The meeting was a social visit, but it was also, in a sense, part of the piece. As the artist Krzysztof Wodiczko later told me, “Art can set the conditions for different parts of society to connect, to change their thinking on the site of the work and during the process of making it. That is expected in Michael’s work. There is something diabolical, in a good sense, about the man. He is a kind of magician, someone who connects things that should not be connected, someone who can surprise.”

In Borough Market, rain began to gather overhead, and seagulls cawed.
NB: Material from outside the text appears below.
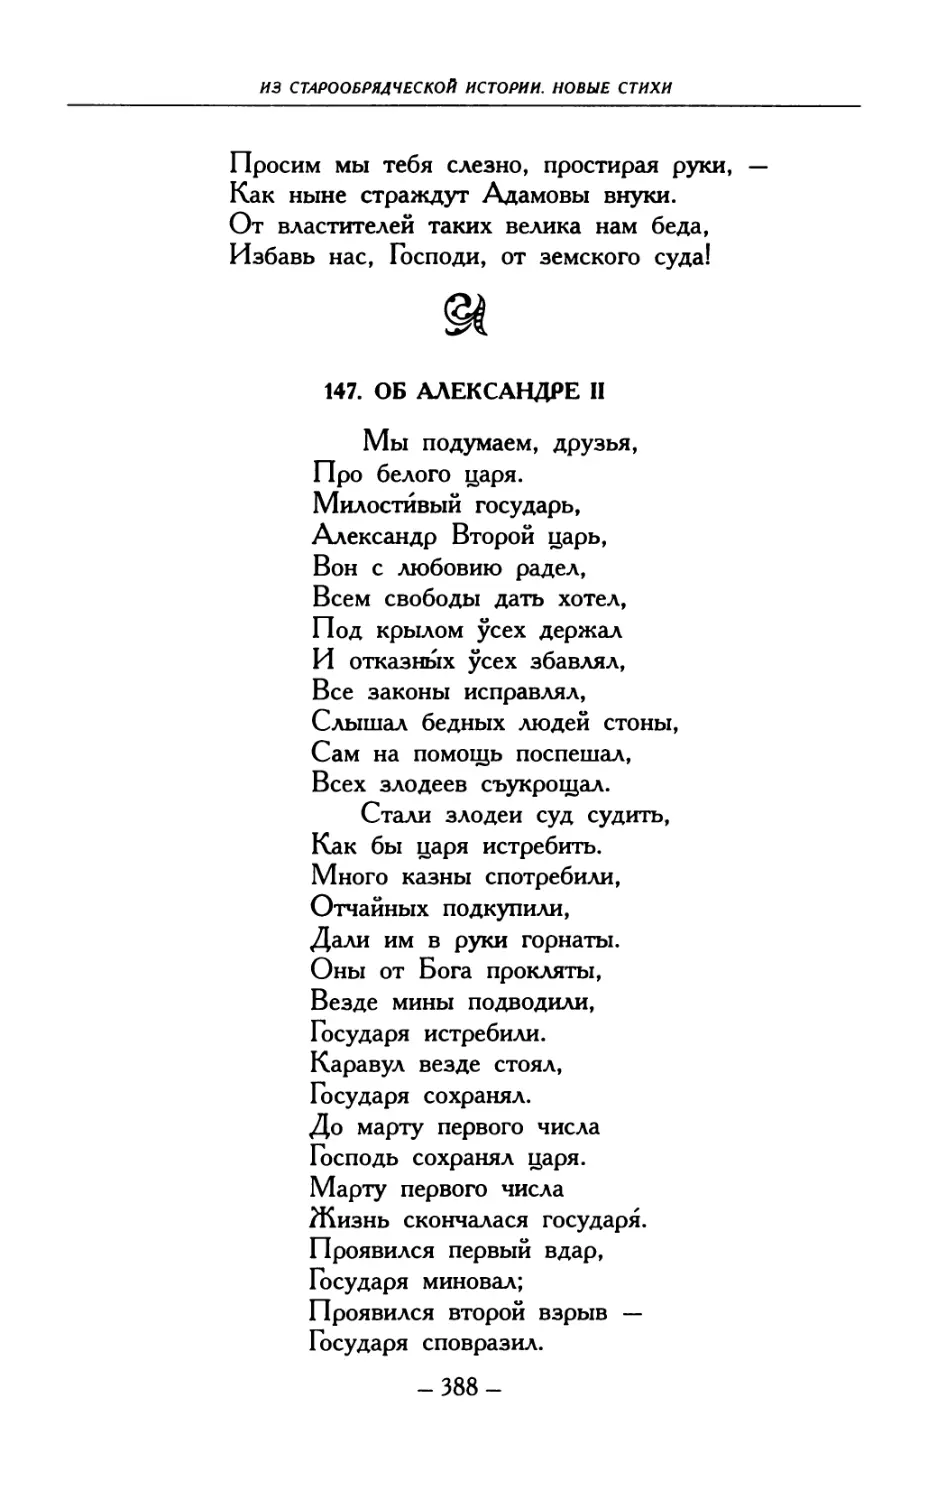 147. Об Александре II

As we left Kubba, Rakowitz talked about the mementos that he was gathering for the Margate sculpture. “I am always building a collection for these works,” he said. In his studio, in Chicago, there is a chalkboard diagram that he has not erased since 2015: a memorial to a cherished conversation. “I’m never going to be neat,” he told me, ruefully. Several years ago, he saw Leonard Cohen’s Olivetti typewriter on eBay and bought it; likewise, an Iraqi military helmet inspired by Darth Vader. Both purchases evolved into projects. “I am a firm believer that if you sit with an object long enough it starts to tell you about itself,” he said.

Rakowitz stopped walking and pulled out a worn plastic bag containing azure beads and a broken thread. “Lapis lazuli, from Afghanistan,” he said. “They broke about a year ago, but in Iraq you are always supposed to have a blue stone. It’s protection against evil, and ever since I was a kid I have never left the house without a blue stone.”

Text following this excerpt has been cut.